Apache Griffin Deployment Guide

For Griffin users, please follow the instructions below to deploy Griffin in your environment. Note that there are some dependencies that should be installed firstly.

Prerequisites

You need to install following items

  • JDK (1.8 or later versions).
  • PostgreSQL(version 10.4) or MySQL(version 8.0.11).
  • npm (version 6.0.0+).
  • Hadoop (2.6.0 or later), you can get some help here.
  • Spark (version 2.2.1), if you want to install Pseudo Distributed/Single Node Cluster, you can get some help here.
  • Hive (version 2.2.0), you can get some help here. You need to make sure that your spark cluster could access your HiveContext.
  • Livy, you can get some help here. Griffin need to schedule spark jobs by server, we use livy to submit our jobs. For some issues of Livy for HiveContext, we need to download 3 files or get them from Spark lib $SPARK_HOME/lib/, and put them into HDFS.
    datanucleus-api-jdo-3.2.6.jar
    datanucleus-core-3.2.10.jar
    datanucleus-rdbms-3.2.9.jar
    
  • ElasticSearch (5.0 or later versions). ElasticSearch works as a metrics collector, Griffin produces metrics into it, and our default UI gets metrics from it, you can use them by your own way as well.

Configuration

PostgreSQL

Create database ‘quartz’ in PostgreSQL

createdb -O <username> quartz

Init quartz tables in PostgreSQL using Init_quartz_postgres.sql

psql -p <password> -h <host address> -U <username> -f Init_quartz_postgres.sql quartz

MySQL

Create database ‘quartz’ in MySQL

mysql -u <username> -e "create database quartz" -p

Init quartz tables in MySQL using Init_quartz_mysql_innodb.sql.sql

mysql -u <username> -p quartz < Init_quartz_mysql_innodb.sql.sql

You should also modify some configurations of Griffin for your environment.

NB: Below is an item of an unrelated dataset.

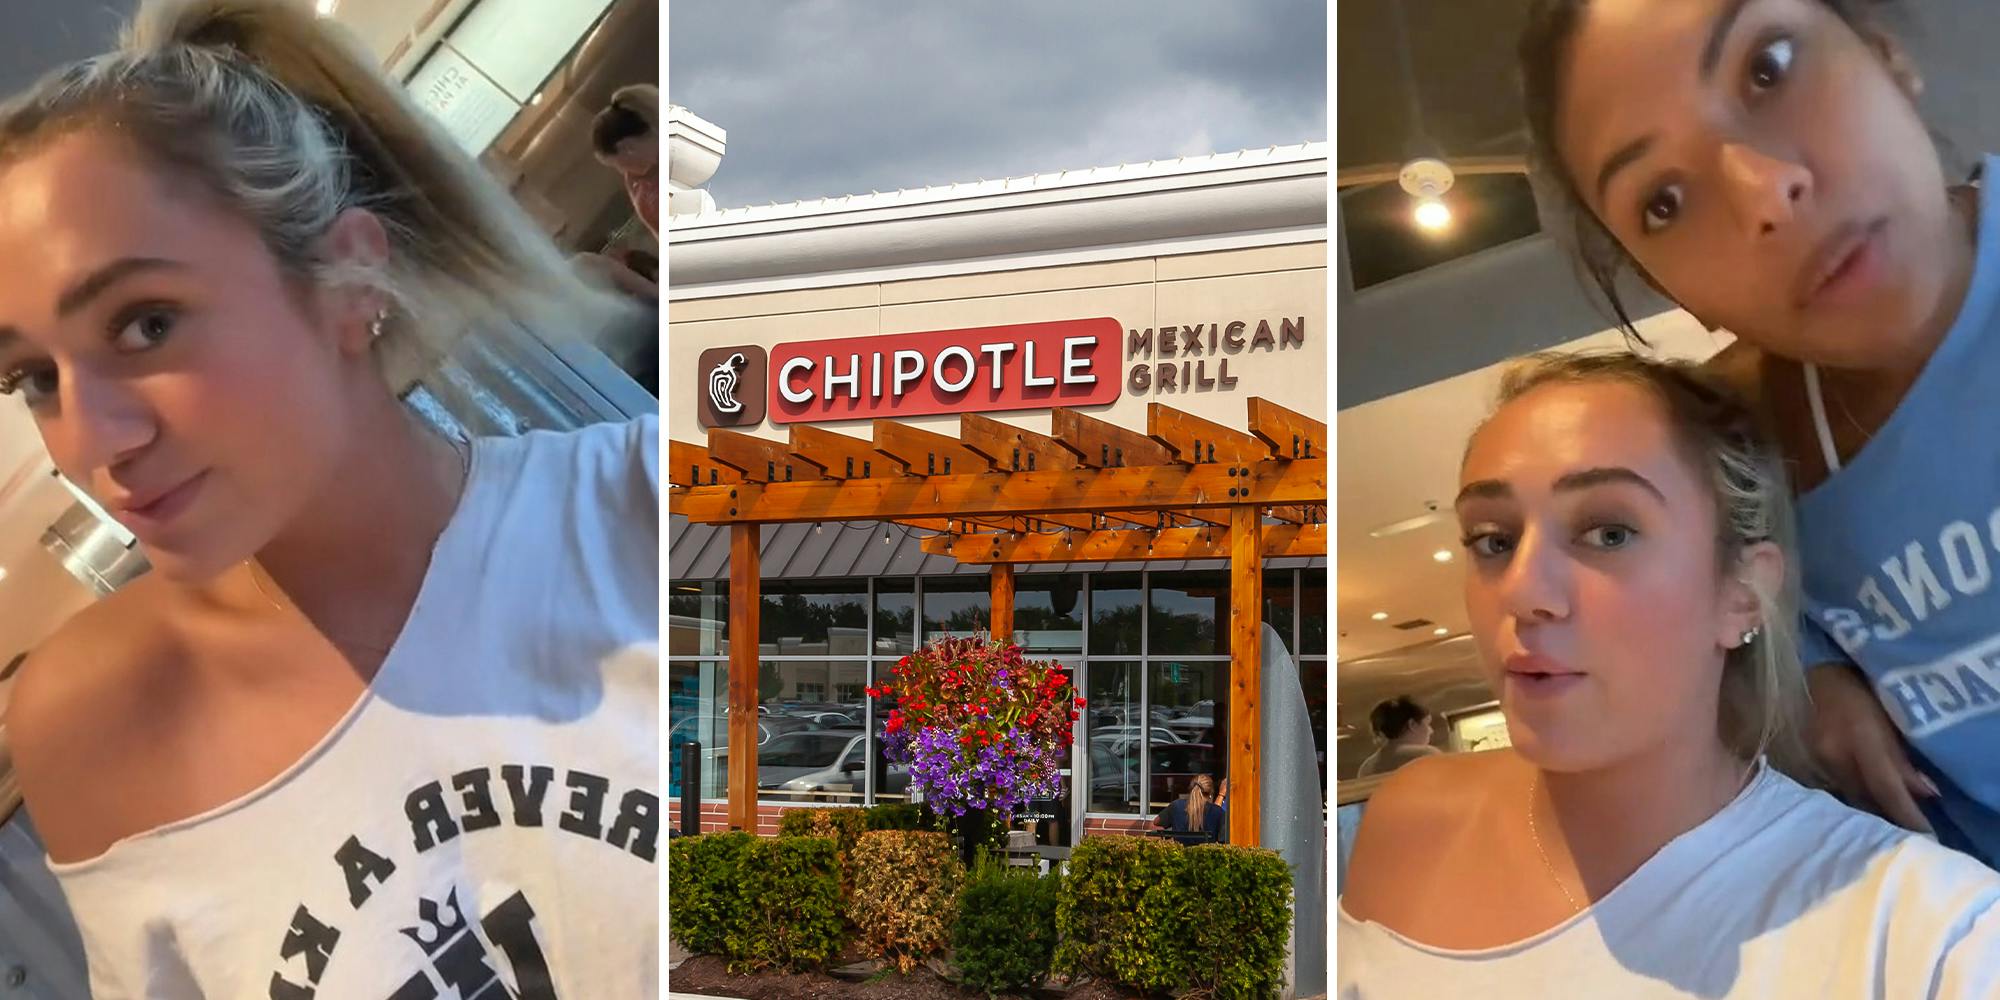 Chipotle customer orders chicken burrito, is shocked by what she finds inside

  • service/src/main/resources/application.properties

    # griffin server port (default 8080)
    server.port = 8080
    # jpa
    spring.datasource.url = jdbc:postgresql://<your IP>:5432/quartz?autoReconnect=true&useSSL=false
    spring.datasource.username = <user name>
    spring.datasource.password = <password>
    spring.jpa.generate-ddl=true
    spring.datasource.driverClassName = org.postgresql.Driver
    spring.jpa.show-sql = true
    
    # hive metastore
    hive.metastore.uris = thrift://<your IP>:9083
    hive.metastore.dbname = <hive database name>    # default is "default"
    
    # external properties directory location, ignore it if not required
    external.config.location =
    
    	# login strategy, default is "default"
    	login.strategy = <default or ldap>
    
    	# ldap properties, ignore them if ldap is not enabled
    	ldap.url = ldap://hostname:port
    	ldap.email = @example.com
    	ldap.searchBase = DC=org,DC=example
    	ldap.searchPattern = (sAMAccountName={0})
    
    	# hdfs, ignore it if you do not need predicate job
    	fs.defaultFS = hdfs://<hdfs-default-name>
    
    	# elasticsearch
    	elasticsearch.host = <your IP>
    	elasticsearch.port = <your elasticsearch rest port>
    	# authentication properties, uncomment if basic authentication is enabled
    	# elasticsearch.user = user
    	# elasticsearch.password = password
    	# livy
    	# Port Livy: 8998 Livy2:8999
    	livy.uri=http://localhost:8999/batches
    
    	# yarn url
    	yarn.uri=http://localhost:8088
    
    
    
  • service/src/main/resources/sparkProperties.json

    	{
    	  "file": "hdfs:///<griffin measure path>/griffin-measure.jar",
    	  "className": "org.apache.griffin.measure.Application",
    	  "name": "griffin",
    	  "queue": "default",
    	  "numExecutors": 3,
    	  "executorCores": 1,
    	  "driverMemory": "1g",
    	  "executorMemory": "1g",
    	  "conf": {
    		"spark.yarn.dist.files": "hdfs:///<path to>/hive-site.xml"
    	 },
    	  "files": [
    	  ]
    	}
    
    
    • <griffin measure path> is the location where you should put the jar file of measure module.

Build and Run

Build the whole project and deploy. (NPM should be installed)

mvn clean install

Put jar file of measure module into <griffin measure path> in HDFS

cp measure/target/measure-<version>-incubating-SNAPSHOT.jar measure/target/griffin-measure.jar
hdfs dfs -put measure/target/griffin-measure.jar <griffin measure path>/

After all environment services startup, we can start our server.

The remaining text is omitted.